# Ghost trigger for SR9



## recoilguy (Apr 30, 2009)

Any one heard about this. I think a new trigger that was smooth and didn't stck would make the SR9 a great weapon. I have 2 and the trigger continues to dissapoint me. The Ghost trigger site has direction and looks like you could do it yourself....maybe. Anyone tried it?

RCG


----------



## melloyello (Dec 30, 2008)

I ain't gonna mess w/ what ain't broke. Mine works fine for me.


----------



## recoilguy (Apr 30, 2009)

I ordered one today for it. 

It may not be broken..... but it sucks as a trigger system compared to any other handguns I own, and i own 2 SR9's. If I can make this gun have a quality trigger for 25 bucks then it is money very well spent. The SR9 is a very nice weapon, it shots pretty good groups and has very little felt recoil. If I can get the trigger to improve so I can get smaller more consistant groups then it really aint gonna be broke no more.

RCG


----------



## Tuefelhunden (Nov 20, 2006)

Please keep us posted on your results recoilguy. In dry firing I find the stock trigger a bit lacking as well and have heard other similar comments form actual owners. Short stroke take up is nice but with rediculous stacking poundage before light off. Too bad on an otherwise very intriguing package. As an aside the new compact version seems to have an immensly improved trigger over the full size. My hope is that system will make it's way into the newer production SR9 full size models.


----------



## recoilguy (Apr 30, 2009)

I put the Ghost Ultimate in and the differeance is noticable and very pleasant.
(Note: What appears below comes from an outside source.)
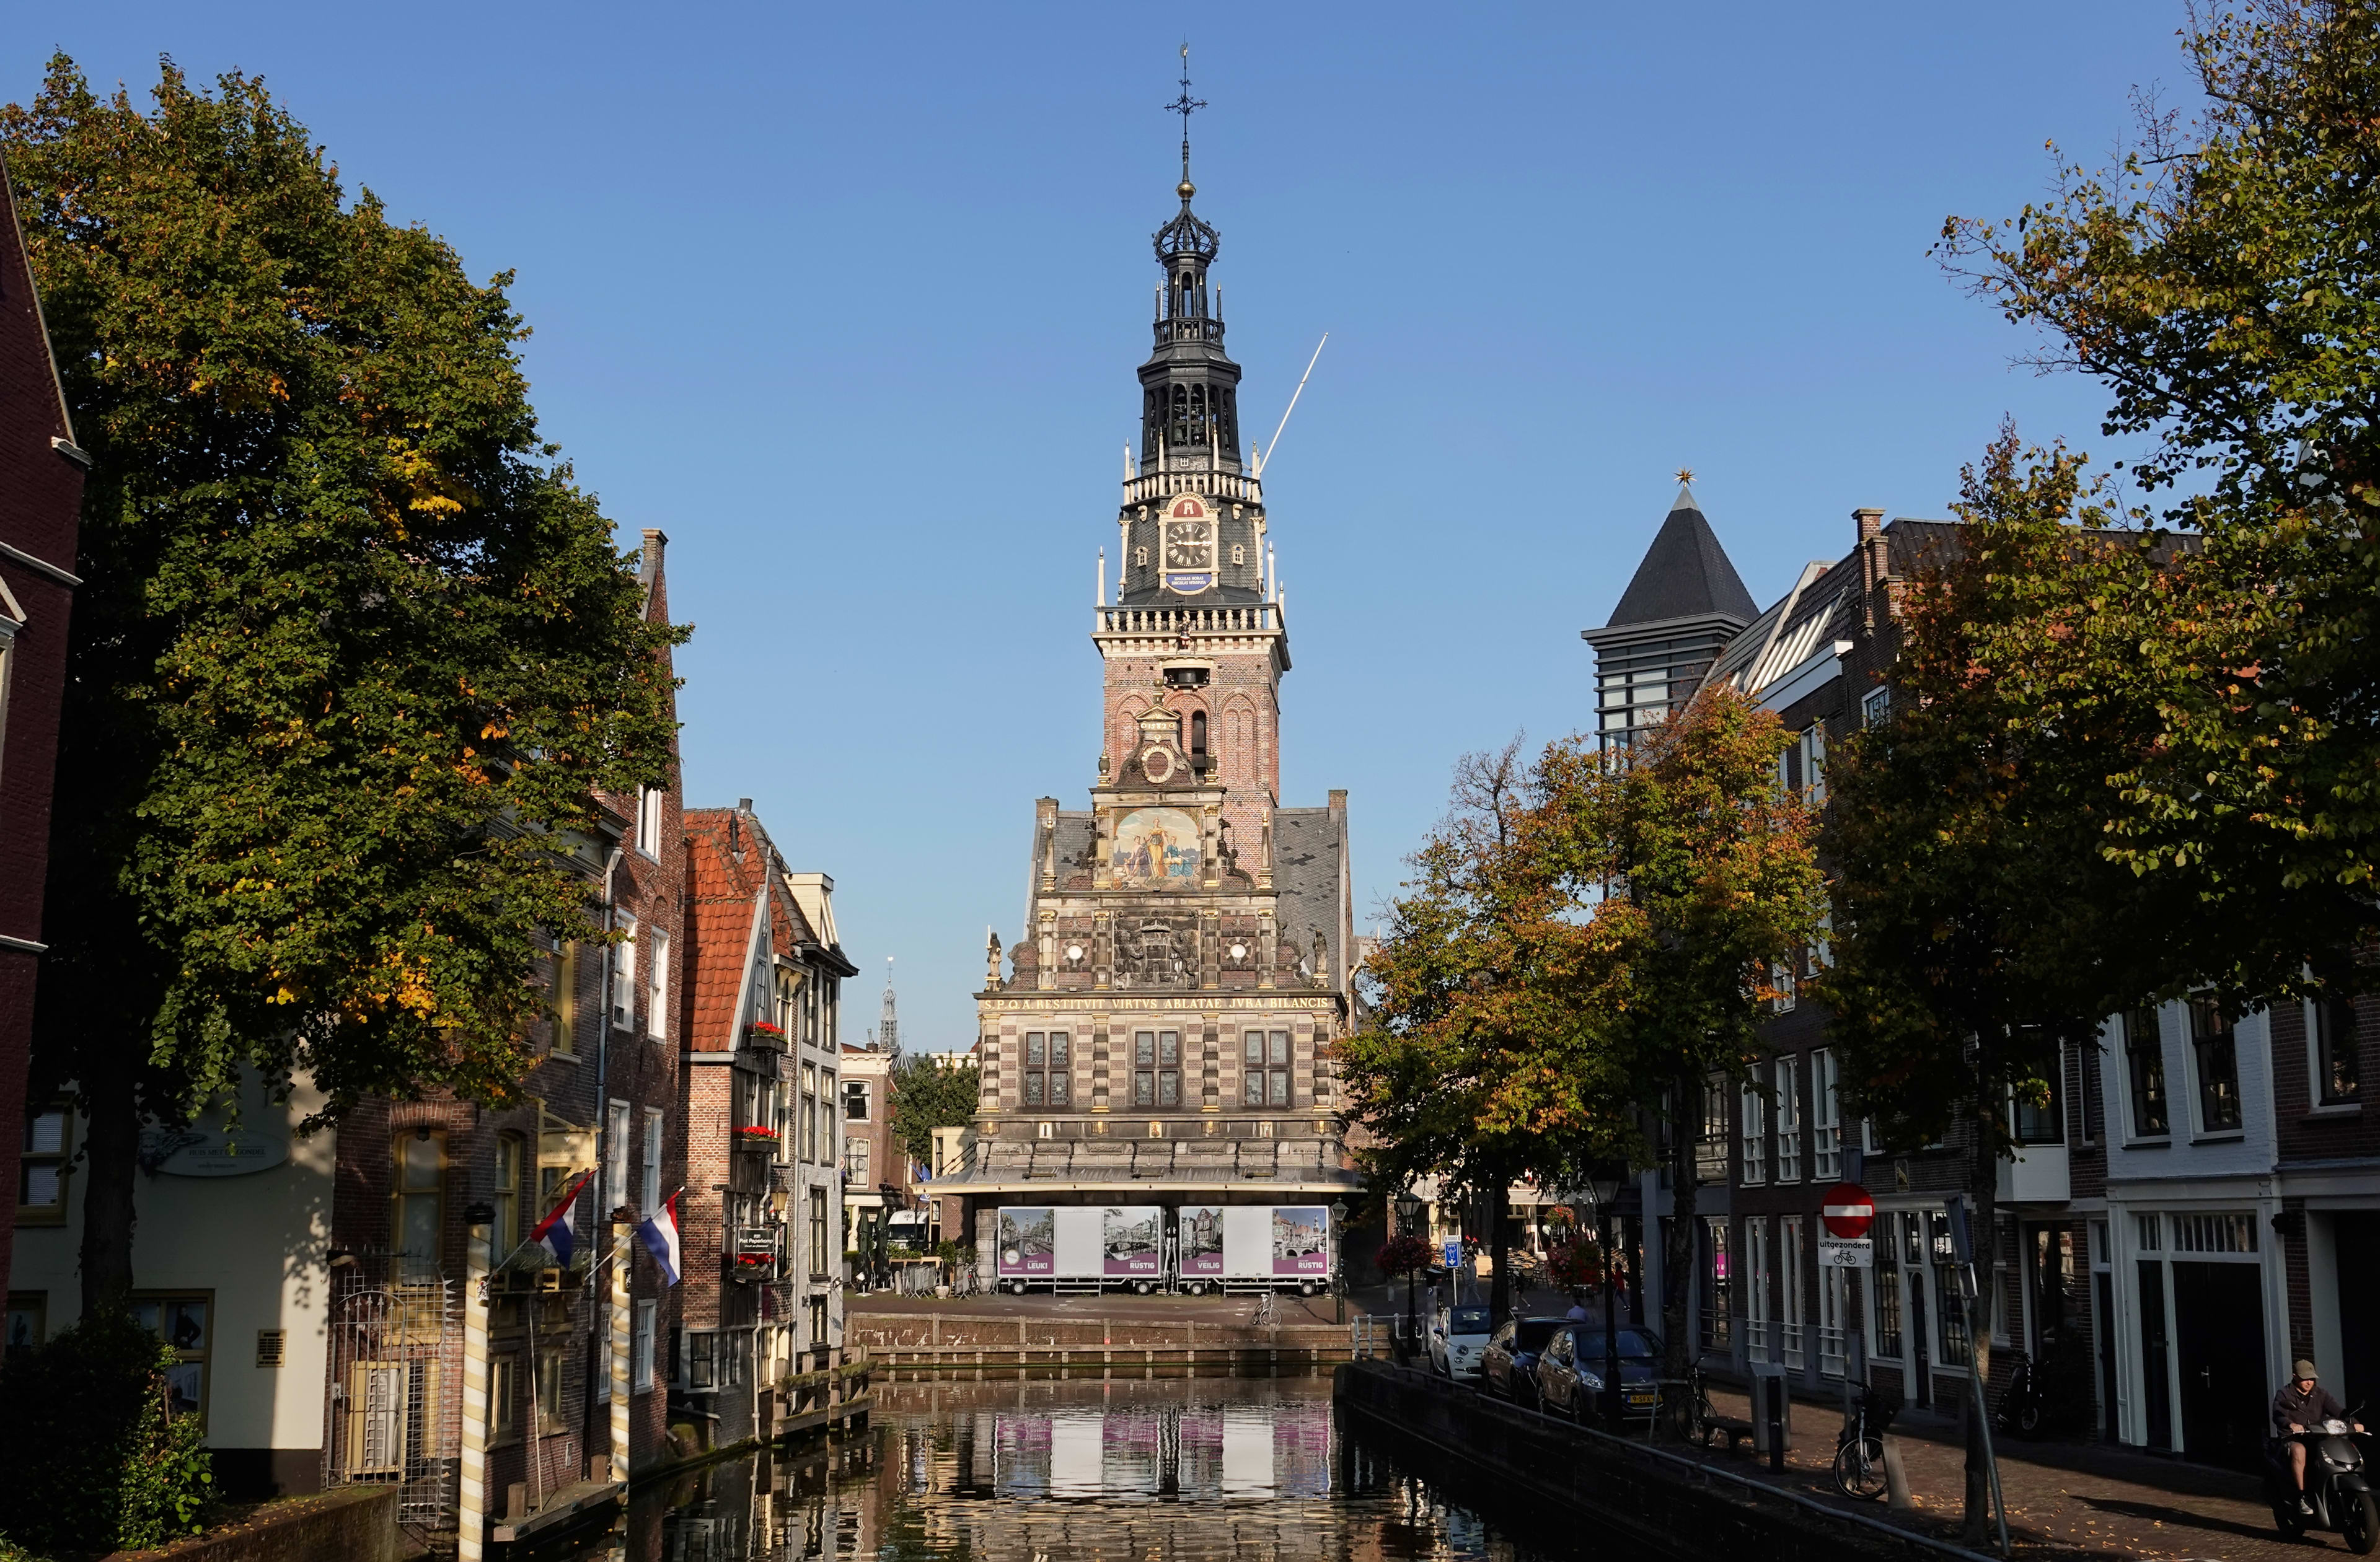 Weer 12 vrouwen betast in Alkmaar, totaal nu bijna op zestig meldingen

I used this video to guide me http://www.youtube.com/user/txbosox13?feature=mhw5#p/u

The trigger pull is now smooth with no distinguishable stick point what so ever. It is crisp and the weight seems to have been reduced to me. I am getting one for my other SR9 for sure. It makes it a very very nice weapon!!!

I would suggest it for sure. Putting it in yourself is pretty easy to if you have a kittle dextarity and some simple tools. With the aide of the video of course. 22 bucks to improve the gun that much....no brainer.

RCG


----------